Villa Ludwigshöhe is a former summer residence of Ludwig I of Bavaria overlooking Edenkoben and Rhodt unter Rietburg in Rhineland-Palatinate, Germany.

Geography

Villa Ludwigshöhe is located at the eastern edge of the Palatinate Forest, west of the small-town of Edenkoben and the municipality Rhodt unter Rietburg in the Southern Palatinate. The Villa is reachable by car. Next to the Villa is the lower station of the "Rietburgbahn", a chairlift, by which the Rietburg can be reached.

Architectural history

In 1843 King Ludwig I decided to build a summer villa.  At that time the Palatinate (from which his father Maximilian I came) belonged to Bavaria. It was to be constructed on the edge of the Haardt hills. In 1845 the necessary parcels of land were bought from the municipalities Edenkoben and Rhodt.

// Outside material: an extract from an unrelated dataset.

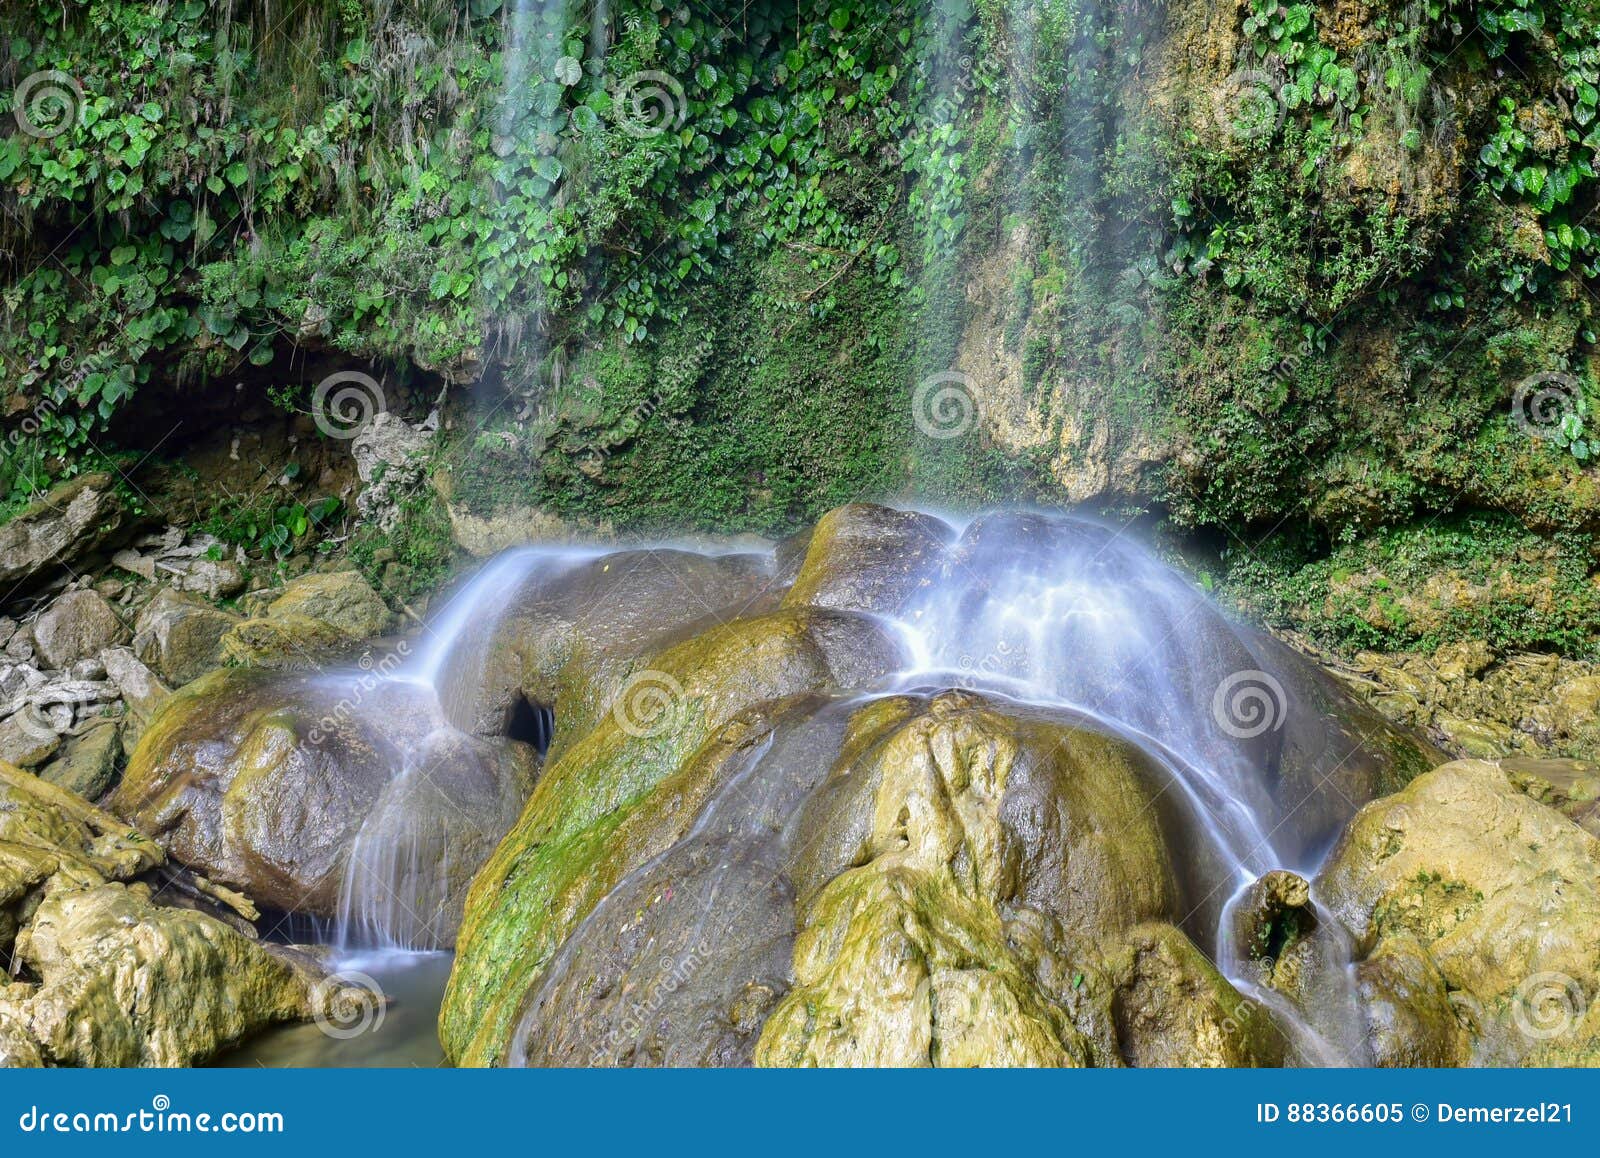 soroa waterfall - pinar del rio, cuba

The laying of the foundation stone took place in 1846. The Villa was built by Joseph Hoffmann (Ludwigshafen/Rhine) according to plans from architect Friedrich Wilhelm von Gärtner. In 1847 the architect died: hence Leo von Klenze took care of the site management. The building was finished in 1852.

Ludwig I resided every two years in the months July and August in the Villa. He also celebrated his birthday there.
His last visit at the Villa is dated 1866.

Building

The main building consists of four rectangular shaped two-storey buildings which are grouped around an atrium. Classicistic styles are realized.